Вышли девочки, которых я уже раньше видела, в клоунских пачках, а посередине — Мэтью, в костюме клоуна для мальчика. Все они держались за руки, как и предыдущая группа, и учительница танцев стояла на авансцене, видимая и детям, и зрителям. Интересно, насколько должна быть взрослой группа, чтобы учителя не было видно.

Снова послышалась музыка из «Щелкунчика», но на этот раз играли одну из песен, под которые танцуют куклы в первом акте. Не помню, какой это был танец, — помню только, что из этого балета. Ручки взметнулись почти в унисон, и дети начали танцевать. Не все девочки танцевали — они просто двигались, но Мэтью и две девочки действительно танцевали. Улыбаясь, они повторяли движения учительницы, но мало-помалу Мэтью перестал улыбаться, видно было по лицу, как он сосредоточился. Я увидела несколько движений, которые он отрабатывал у нас дома, когда с ним занимались Натэниел и Джейсон.

Я наклонилась к Мике:

— Я дура, или он и в самом деле умеет?

Наклонившись к нам, Жан-Клод прошептал:

— Нет-нет, ma petite, у него определенно есть способности, у нашего Мэтью.

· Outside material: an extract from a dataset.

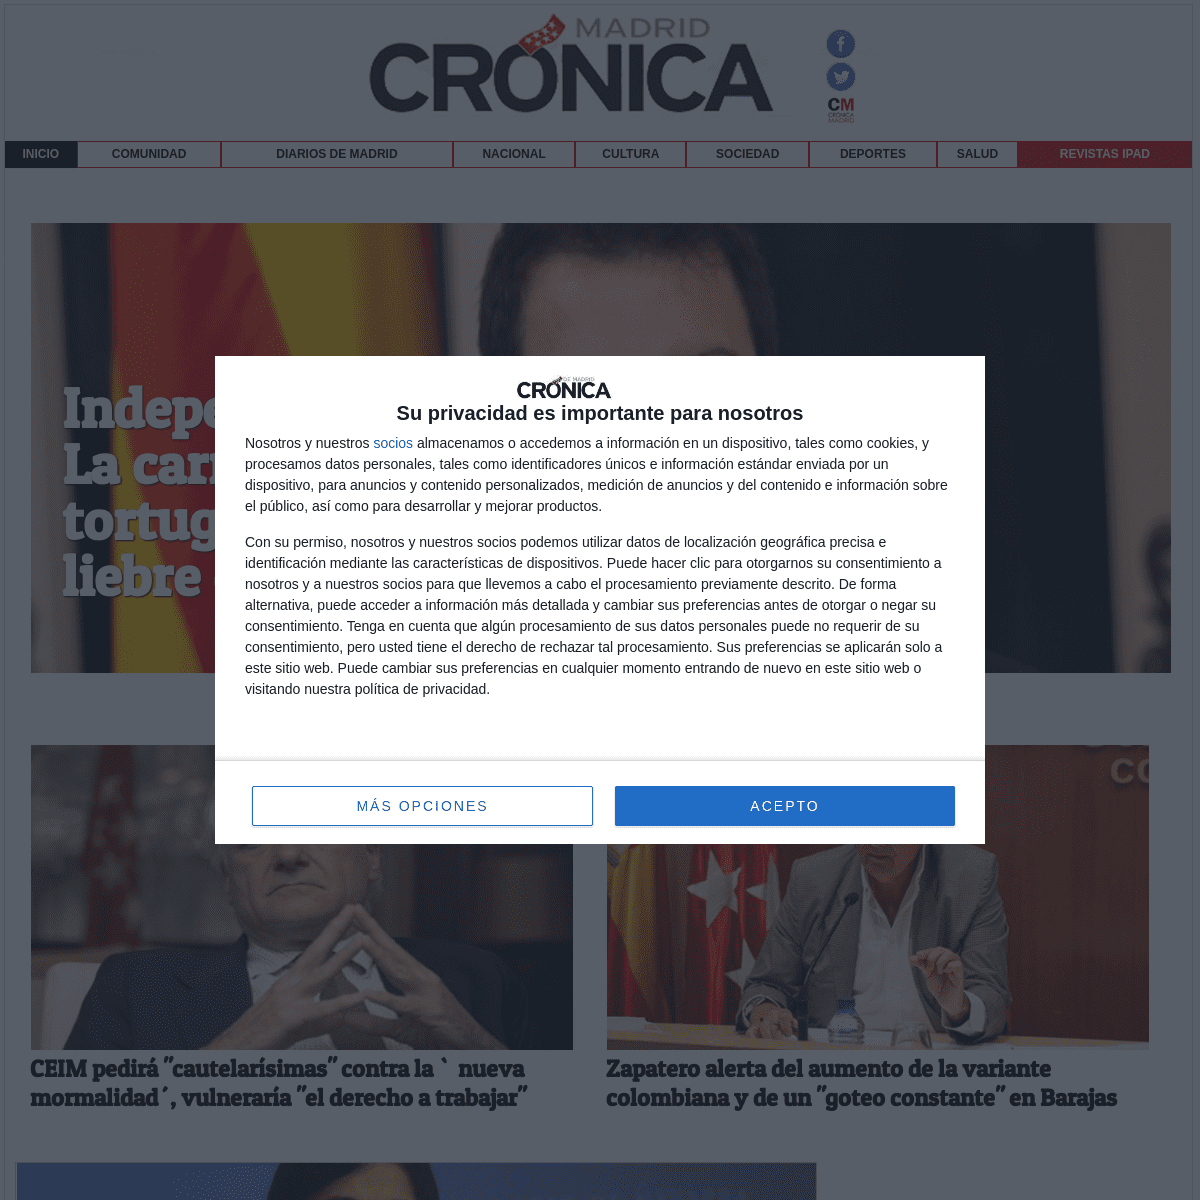 A complete backup of https://cronicamadrid.com
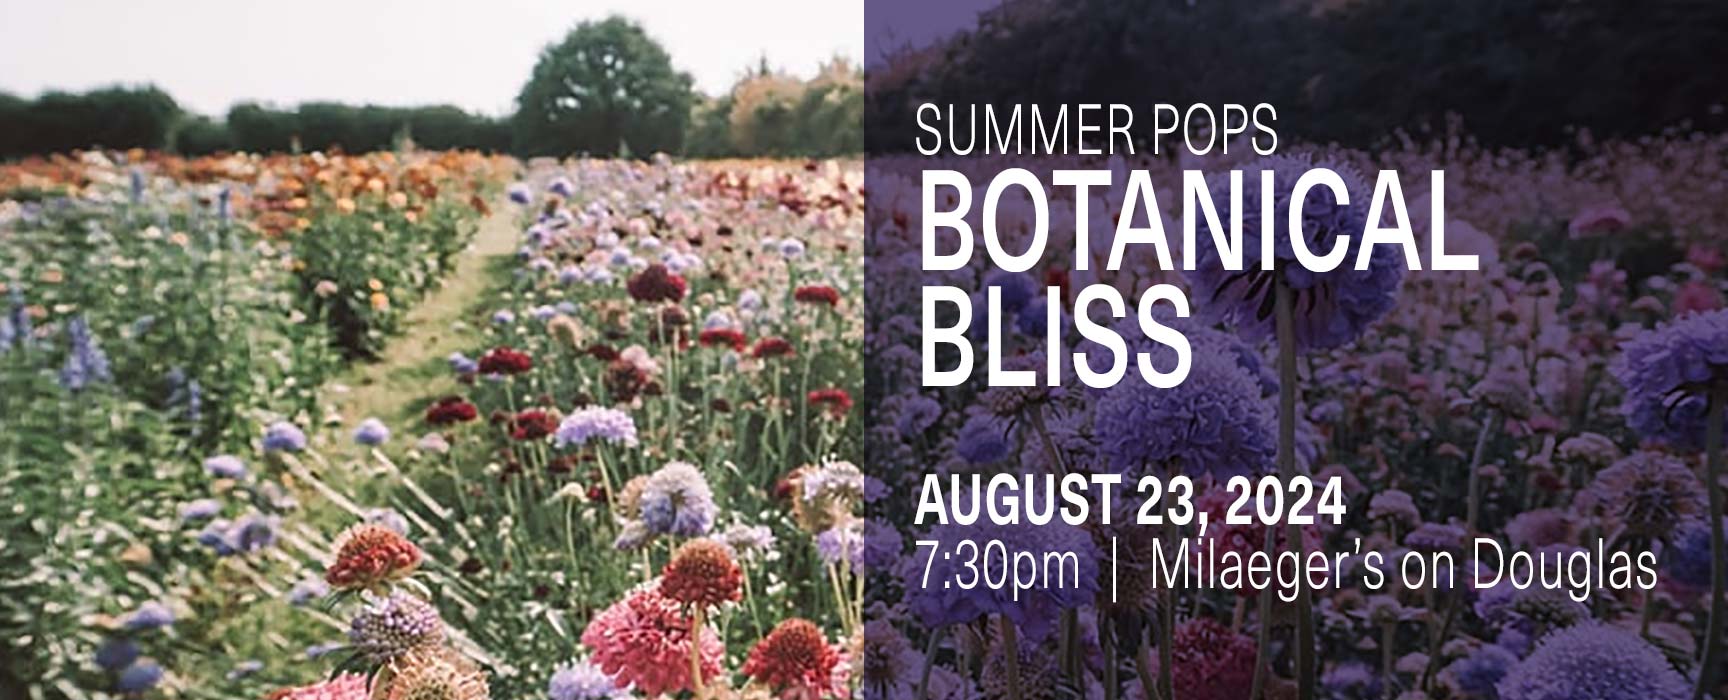 RSO botanical bliss concert on August 23

Музыка смолкла. Дети взялись за руки и поклонились. На этот раз аплодисменты прозвучали более искренне — или мне так показалось. Не каждый день видишь младенца, который показывает зачатки истинного таланта. Когда дети ушли за кулисы, Ашер перегнулся через нас всех и сказал Монике:

— Хорошо твой мальчик танцует.

Она просияла — на что имела полное право. Мика ее тоже поздравил.

— Для трех лет — потрясающе, — сказала ей ДжейДжей.

Я сказала, обернувшись к ней и Монике:

— Надеюсь, что Джейсон и Натэниел это видели. Я часто смотрела, как они с ним репетировали.

— Он очень любит заниматься с дедями, — ответила Моника.

Я чуть сжалась, потому что все эти «дядя Натэниел» и «дядя Джейсон» мне не нравились, а «тетю Аниту» я просто запретила. Мэтью нас называл по-своему: Нэтти, Джейсон-Джейсон, а я — Нита. Жан-Клод произносился как «Жаклод», и только Ашеру было присвоено его собственное имя. Да, мы последнее время часто видели Мэтью.

Снова заиграла музыка, и вышла группа девочек чуть постарше. И так и пошло еще час с лишним. Девочки постарше, иногда те же самые, потому что их нам довелось видеть в балетных, джазовых, современных танцах и даже в чечетке пару раз. Я танцы люблю и против детей ничего не имею, но после примерно пятой группы детей в блестках воля к жизни стала меня покидать. Я была предупреждена, что школа танцев не разрешает хватать своих детей и смываться до тех пор, пока не выступит последняя группа учеников. Я только не поняла тогда, что это будет значить.

Между двумя группами я наклонилась через ДжейДжей к Монике и спросила:

— Сколько времени идет представление?

— В прошлом году шло четыре часа, — ответила она.

Я вытаращила на нее полные ужаса глаза — она подавила смешок. Я села на место, переглянулась с Микой.

— Натэниел и Джейсон скоро выйдут, — сказал он.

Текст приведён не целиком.